Tables sit outside on a fenced patio, but nothing else pulls the passerby in or arouses curiosity.
Nor does a cursory glance at the laminated menu inspire much hope. As I stood beside the semi-service counter on my first visit, my eye fell on such dispiriting choices as chicken tenders, a Boca burger, spinach and artichoke dip, jalapeño poppers and variously tweaked chicken wings. For a brief, panicky moment, I wanted to flee.


How glad I am that I stuck around for the homey, beautifully seasoned Creole specialties on this eccentric little restaurant's menu. Just a couple of spoonfuls made me a slave to the chicken-and-sausage gumbo -- a brew so warm and full, so rich with vegetal notes and dusky filé powder, that it makes me happy to be alive on a Houston fall day.

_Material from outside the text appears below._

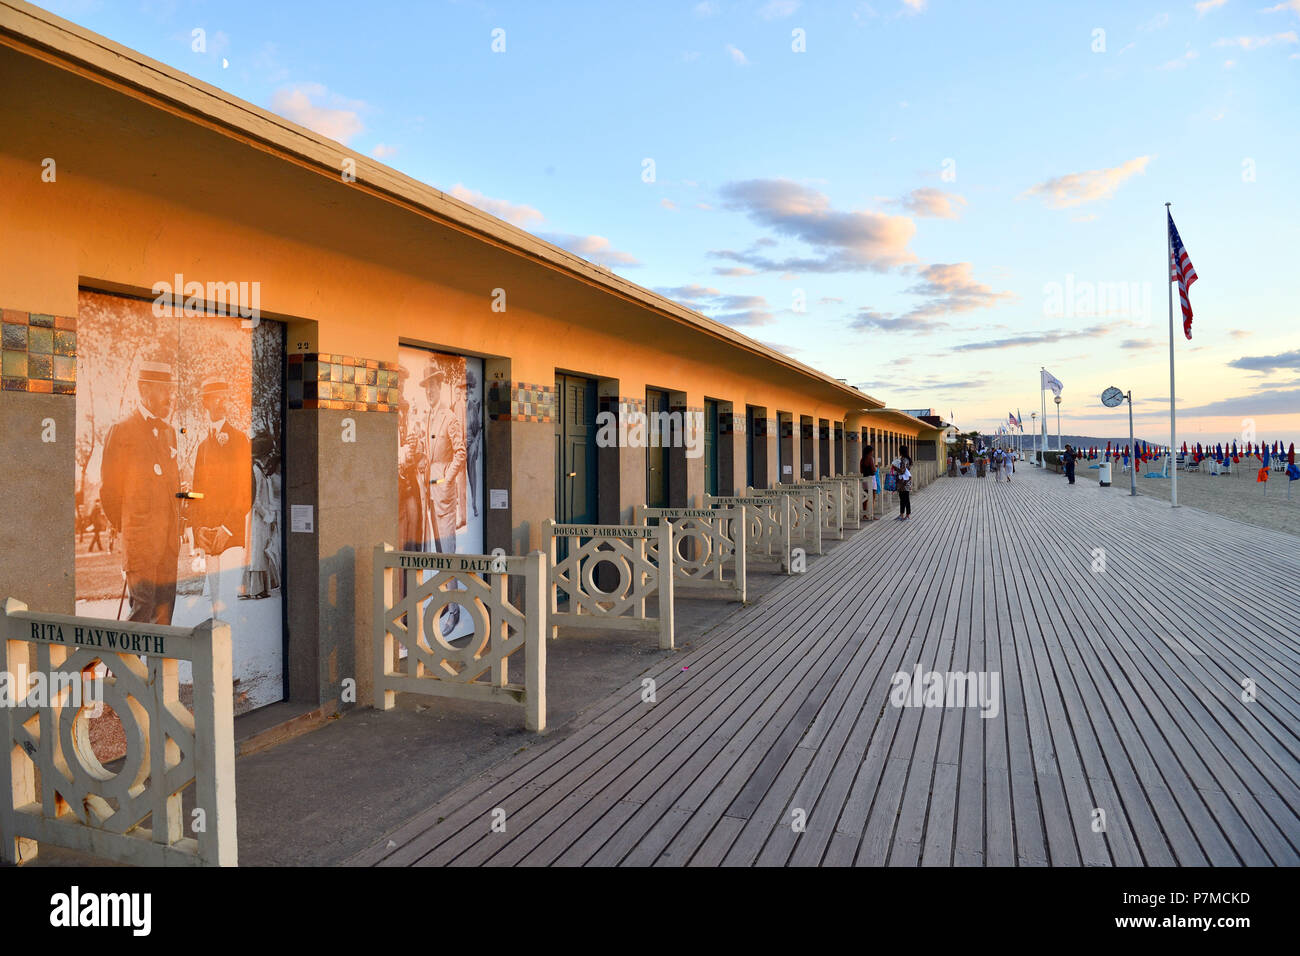 Francia, Calvados, Pays d'Auge, Deauville, spiaggia, Promenade des Planches (stadio a piedi), rivestita con cabine da spiaggia con il nome di una celebrità che hanno partecipato al Festival di Deauville del cinema americano Foto Stock

Call it the Beaucoup effect. Inside the misleading façade lies the neat, personal, community-minded domain of two young women who were displaced from New Orleans by Hurricane Katrina and who have set down tentative roots in a corner sandwich shop across from their alma mater. Lakesha Reed and Salimah Muhammad may not have had the money to erect a fancy ``Beaucoup'' sign when they purchased the chicken-wing spot last December, but they printed up menus, launched a Web site and began winning over customers one by one.


Just show me the Houston chow hound who could resist their maniacal crawfish bread, a French loaf topped with buttery crawfish étouffée, heady amounts of garlic and a gooey mantle of cheese. Sample it at your own risk; crawfish bread is the stuff of which cravings are made.
So is the catfish po-boy, the fish a marvelously crisped, cornmeal-coated fillet that has the pleasant mineral tinge of really good catfish, not the bland, farm-raised, frozen stuff. The sandwich is carefully dressed, not just with tthe standard tomato, pickles and mayonnaise, but also a sprightly jot of Louisiana hot sauce and ribbons of romaine lettuce — just a couple of the thoughtful touches that give the food here a distinct personality.

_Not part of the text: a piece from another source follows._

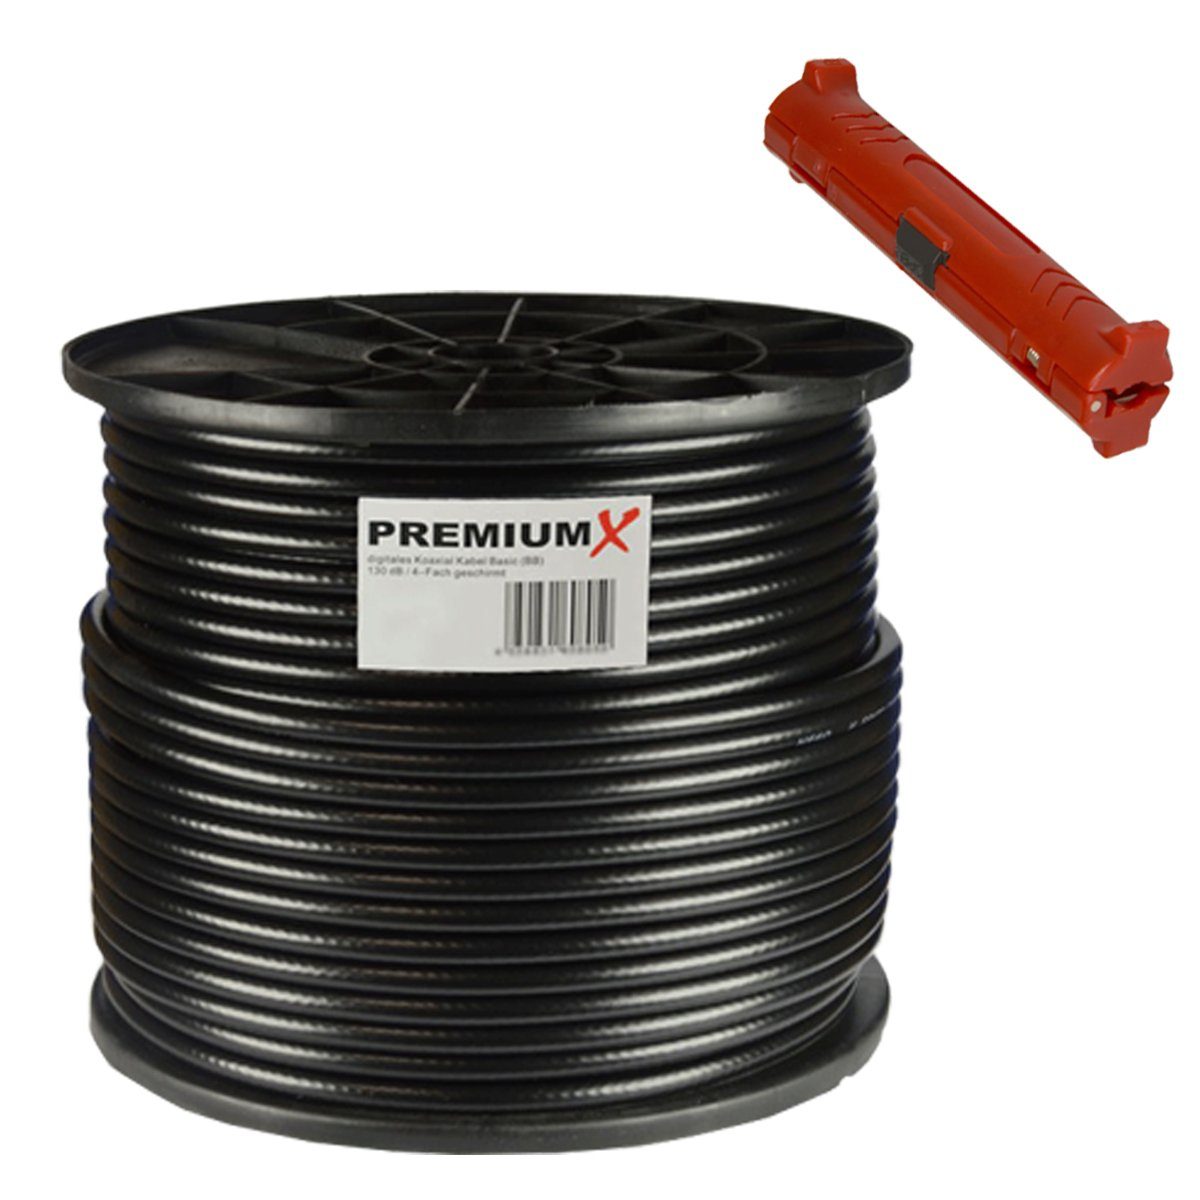 PremiumX 100m BASIC Koaxialkabel schwarz 135dB SAT Kabel Entmanteler SAT-Kabel

Take the green salad that accompanies the baskets of excellent fried seafood, such as the huge, batter-fried shrimp that startle with their pearly sweetness. When you shove aside the cascade of previously frozen french fries (rather good ones, I must admit), you come upon a springy nest of field-mix lettuces crowned with wall-to-wall shredded carrot, diced tomato and lightly pickled red cabbage. Add a little house-made Caesar or honey-mustard dressing from the little plastic cups that reside in a refrigerator case toward the rear of the restaurant, and you have a salad that exceeds expectations.

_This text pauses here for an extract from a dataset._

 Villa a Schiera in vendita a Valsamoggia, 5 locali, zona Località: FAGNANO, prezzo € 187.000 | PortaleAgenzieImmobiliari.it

That's the way of things here. A hamburger po-boy emerges crusty and jubilantly seasoned, well-done but still juicy and irresistible. Red beans and rice have a smoky sausage current that gives them unusual bounce. A stuffed bell pepper emerges from the kitchen gleaming, wrinkly and the deepest, darkest green, its jaunty stemmed cap riding an insidiously delicious mixture of ground beef, shrimp and crab meat, all held together with just enough bread crumbs. This is a dish that could be served — to universal acclaim — on a plate lunch in Lafayette. It is not like anything else in town, and at $4.99, goes right into my personal takeout-food pantheon.
But then, I'm lucky. Beaucoup is just three miles from my house, on the convenient northeast corner of Elgin and Scott streets. I can pop in on my way home for gumbo, a pepper, a garden salad and maybe a couple of the flavored lemonades the owners concoct and bottle in-house, the better to be toted off by patrons from nearby UH, TSU and the Third Ward. The lemon is not quashed by too much sugar, whether tinted with blueberry, raspberry or even mango. I'm getting used to having a couple of these in my refrigerator.


I've grown accustomed, too, to the unfailingly polite and solicitous service from staffers who take orders at the bar and then bring the food to your table. Do not expect speed — there is often a line, and the food is made to order. But if you slide into the rhythms of this easygoing place, with its wildly diverse clientele, you may find yourself planning a return trip while you're still fighting over the last, garlicky bits of that shameless crawfish bread, or dueling over the last few drops of gumbo.